*** Block opens ***

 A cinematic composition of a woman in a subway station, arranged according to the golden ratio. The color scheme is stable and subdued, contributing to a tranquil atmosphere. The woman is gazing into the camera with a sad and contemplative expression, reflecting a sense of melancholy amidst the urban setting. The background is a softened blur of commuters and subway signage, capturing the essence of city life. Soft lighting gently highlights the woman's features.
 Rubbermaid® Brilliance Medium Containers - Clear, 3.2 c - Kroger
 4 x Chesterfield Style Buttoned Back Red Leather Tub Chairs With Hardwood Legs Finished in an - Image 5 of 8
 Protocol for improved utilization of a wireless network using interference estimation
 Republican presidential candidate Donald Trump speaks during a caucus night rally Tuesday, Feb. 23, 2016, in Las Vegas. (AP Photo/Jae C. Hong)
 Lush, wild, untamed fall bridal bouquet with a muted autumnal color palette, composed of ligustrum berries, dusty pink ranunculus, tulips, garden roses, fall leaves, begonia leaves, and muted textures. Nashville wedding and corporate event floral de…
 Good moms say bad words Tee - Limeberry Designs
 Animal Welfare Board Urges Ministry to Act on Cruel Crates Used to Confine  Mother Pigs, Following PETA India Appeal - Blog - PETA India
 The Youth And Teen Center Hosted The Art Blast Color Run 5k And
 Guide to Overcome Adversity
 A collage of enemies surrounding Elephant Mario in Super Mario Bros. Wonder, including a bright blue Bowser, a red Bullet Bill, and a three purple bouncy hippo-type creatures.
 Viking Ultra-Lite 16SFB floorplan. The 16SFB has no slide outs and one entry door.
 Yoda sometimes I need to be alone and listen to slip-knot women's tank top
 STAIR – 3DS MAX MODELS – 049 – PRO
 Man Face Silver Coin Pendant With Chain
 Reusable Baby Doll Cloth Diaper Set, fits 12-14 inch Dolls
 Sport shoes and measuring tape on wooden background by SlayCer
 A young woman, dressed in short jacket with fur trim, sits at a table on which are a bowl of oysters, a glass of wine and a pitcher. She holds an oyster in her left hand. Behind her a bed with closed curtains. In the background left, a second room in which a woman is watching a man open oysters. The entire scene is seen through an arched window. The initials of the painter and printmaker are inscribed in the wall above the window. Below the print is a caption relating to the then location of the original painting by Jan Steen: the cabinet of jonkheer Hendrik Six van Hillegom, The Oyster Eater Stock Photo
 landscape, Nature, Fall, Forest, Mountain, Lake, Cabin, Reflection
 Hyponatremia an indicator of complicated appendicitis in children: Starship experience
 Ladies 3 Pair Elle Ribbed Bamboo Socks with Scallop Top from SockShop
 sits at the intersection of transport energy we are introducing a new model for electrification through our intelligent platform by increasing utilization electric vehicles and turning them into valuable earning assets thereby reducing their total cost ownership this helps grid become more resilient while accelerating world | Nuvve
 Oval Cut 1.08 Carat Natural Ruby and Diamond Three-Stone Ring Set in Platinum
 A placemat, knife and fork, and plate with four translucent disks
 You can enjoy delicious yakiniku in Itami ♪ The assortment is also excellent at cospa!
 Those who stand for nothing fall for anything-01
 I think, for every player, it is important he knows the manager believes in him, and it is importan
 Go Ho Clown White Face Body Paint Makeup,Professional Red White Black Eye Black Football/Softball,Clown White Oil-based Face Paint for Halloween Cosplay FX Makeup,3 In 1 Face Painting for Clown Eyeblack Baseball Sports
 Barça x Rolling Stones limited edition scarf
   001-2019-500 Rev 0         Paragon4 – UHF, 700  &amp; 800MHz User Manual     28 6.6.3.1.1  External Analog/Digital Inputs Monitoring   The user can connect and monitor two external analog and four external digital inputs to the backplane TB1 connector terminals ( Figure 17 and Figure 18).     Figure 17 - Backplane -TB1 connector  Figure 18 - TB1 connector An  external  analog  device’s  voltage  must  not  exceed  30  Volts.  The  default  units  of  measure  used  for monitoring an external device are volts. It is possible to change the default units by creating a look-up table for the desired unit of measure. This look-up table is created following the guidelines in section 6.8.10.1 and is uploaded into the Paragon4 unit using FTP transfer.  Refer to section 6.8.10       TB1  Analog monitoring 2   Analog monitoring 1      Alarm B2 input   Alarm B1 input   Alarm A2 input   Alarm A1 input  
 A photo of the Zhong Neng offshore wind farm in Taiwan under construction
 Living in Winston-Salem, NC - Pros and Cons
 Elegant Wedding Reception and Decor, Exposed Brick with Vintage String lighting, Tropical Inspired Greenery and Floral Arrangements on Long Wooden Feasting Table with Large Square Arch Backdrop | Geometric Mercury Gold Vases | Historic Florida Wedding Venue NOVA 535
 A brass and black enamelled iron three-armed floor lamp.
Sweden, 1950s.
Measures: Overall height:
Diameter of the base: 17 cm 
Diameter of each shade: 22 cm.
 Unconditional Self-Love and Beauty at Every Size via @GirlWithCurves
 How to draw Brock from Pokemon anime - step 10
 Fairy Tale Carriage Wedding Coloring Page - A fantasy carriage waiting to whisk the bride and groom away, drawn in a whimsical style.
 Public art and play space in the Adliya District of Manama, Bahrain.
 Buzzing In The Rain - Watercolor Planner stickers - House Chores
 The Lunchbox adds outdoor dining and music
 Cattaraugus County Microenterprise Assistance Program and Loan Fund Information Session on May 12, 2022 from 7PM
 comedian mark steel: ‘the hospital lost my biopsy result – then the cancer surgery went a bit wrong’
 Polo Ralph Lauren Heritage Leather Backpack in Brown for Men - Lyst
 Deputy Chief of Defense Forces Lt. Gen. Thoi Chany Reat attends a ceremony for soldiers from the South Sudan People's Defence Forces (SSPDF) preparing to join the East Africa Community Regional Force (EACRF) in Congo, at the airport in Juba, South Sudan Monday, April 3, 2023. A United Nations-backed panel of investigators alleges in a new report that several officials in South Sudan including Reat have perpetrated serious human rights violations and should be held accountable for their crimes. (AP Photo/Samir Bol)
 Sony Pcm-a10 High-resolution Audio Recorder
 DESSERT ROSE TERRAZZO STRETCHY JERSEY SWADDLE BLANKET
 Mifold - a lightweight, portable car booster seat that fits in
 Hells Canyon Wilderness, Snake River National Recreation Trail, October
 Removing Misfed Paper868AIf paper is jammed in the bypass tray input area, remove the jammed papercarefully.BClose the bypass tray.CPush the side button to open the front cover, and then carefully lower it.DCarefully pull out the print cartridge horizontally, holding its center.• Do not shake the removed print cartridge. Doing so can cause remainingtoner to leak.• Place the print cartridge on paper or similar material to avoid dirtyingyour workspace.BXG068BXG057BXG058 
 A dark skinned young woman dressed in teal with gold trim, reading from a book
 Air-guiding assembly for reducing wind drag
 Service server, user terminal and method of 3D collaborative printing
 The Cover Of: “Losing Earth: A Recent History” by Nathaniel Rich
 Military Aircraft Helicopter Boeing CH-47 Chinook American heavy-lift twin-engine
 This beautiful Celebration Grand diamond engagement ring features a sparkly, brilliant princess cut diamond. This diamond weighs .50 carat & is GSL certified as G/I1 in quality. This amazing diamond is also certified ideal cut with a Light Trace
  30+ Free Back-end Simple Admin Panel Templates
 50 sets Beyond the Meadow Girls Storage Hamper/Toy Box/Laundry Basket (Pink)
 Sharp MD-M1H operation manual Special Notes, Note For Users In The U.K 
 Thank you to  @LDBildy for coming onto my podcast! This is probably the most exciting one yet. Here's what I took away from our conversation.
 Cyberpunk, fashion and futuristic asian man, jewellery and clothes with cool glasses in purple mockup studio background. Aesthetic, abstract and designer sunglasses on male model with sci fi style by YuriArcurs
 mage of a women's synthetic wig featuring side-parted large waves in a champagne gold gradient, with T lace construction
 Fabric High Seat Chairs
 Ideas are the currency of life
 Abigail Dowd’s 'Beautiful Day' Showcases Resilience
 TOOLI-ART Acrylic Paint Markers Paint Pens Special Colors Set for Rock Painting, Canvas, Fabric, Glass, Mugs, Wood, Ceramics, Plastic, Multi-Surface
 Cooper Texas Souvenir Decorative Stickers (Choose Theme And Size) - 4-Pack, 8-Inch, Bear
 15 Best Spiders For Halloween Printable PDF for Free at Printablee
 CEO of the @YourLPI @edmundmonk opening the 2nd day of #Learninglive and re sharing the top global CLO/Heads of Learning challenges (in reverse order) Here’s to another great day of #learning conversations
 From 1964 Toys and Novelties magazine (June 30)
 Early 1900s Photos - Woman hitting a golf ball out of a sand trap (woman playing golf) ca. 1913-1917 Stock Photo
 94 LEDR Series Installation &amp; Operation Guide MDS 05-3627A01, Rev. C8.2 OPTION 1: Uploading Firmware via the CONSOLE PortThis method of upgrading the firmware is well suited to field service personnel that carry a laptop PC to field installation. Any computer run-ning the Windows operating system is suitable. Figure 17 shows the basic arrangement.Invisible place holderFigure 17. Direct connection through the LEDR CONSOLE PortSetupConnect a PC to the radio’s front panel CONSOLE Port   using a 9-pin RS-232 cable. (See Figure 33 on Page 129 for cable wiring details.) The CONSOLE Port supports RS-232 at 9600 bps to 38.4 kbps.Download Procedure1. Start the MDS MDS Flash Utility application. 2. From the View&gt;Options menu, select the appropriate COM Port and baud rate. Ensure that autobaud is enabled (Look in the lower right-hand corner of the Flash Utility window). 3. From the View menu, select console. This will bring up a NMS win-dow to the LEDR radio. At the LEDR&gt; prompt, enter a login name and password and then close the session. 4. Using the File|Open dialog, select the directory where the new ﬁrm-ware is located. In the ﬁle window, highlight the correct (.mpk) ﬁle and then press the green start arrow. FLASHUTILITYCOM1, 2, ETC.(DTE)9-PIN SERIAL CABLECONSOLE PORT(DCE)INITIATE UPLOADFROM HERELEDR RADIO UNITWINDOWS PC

*** Block closes ***

**REQUIRED ACTION:**
In the listing above, find the line with "Ladies 3 Pair" and the line with "Barça x Rolling Stones limited edition scarf". Output those two lines and every line between them, exactly as written.

**RESPONSE TO THE TASK:**
 Ladies 3 Pair Elle Ribbed Bamboo Socks with Scallop Top from SockShop
 sits at the intersection of transport energy we are introducing a new model for electrification through our intelligent platform by increasing utilization electric vehicles and turning them into valuable earning assets thereby reducing their total cost ownership this helps grid become more resilient while accelerating world | Nuvve
 Oval Cut 1.08 Carat Natural Ruby and Diamond Three-Stone Ring Set in Platinum
 A placemat, knife and fork, and plate with four translucent disks
 You can enjoy delicious yakiniku in Itami ♪ The assortment is also excellent at cospa!
 Those who stand for nothing fall for anything-01
 I think, for every player, it is important he knows the manager believes in him, and it is importan
 Go Ho Clown White Face Body Paint Makeup,Professional Red White Black Eye Black Football/Softball,Clown White Oil-based Face Paint for Halloween Cosplay FX Makeup,3 In 1 Face Painting for Clown Eyeblack Baseball Sports
 Barça x Rolling Stones limited edition scarf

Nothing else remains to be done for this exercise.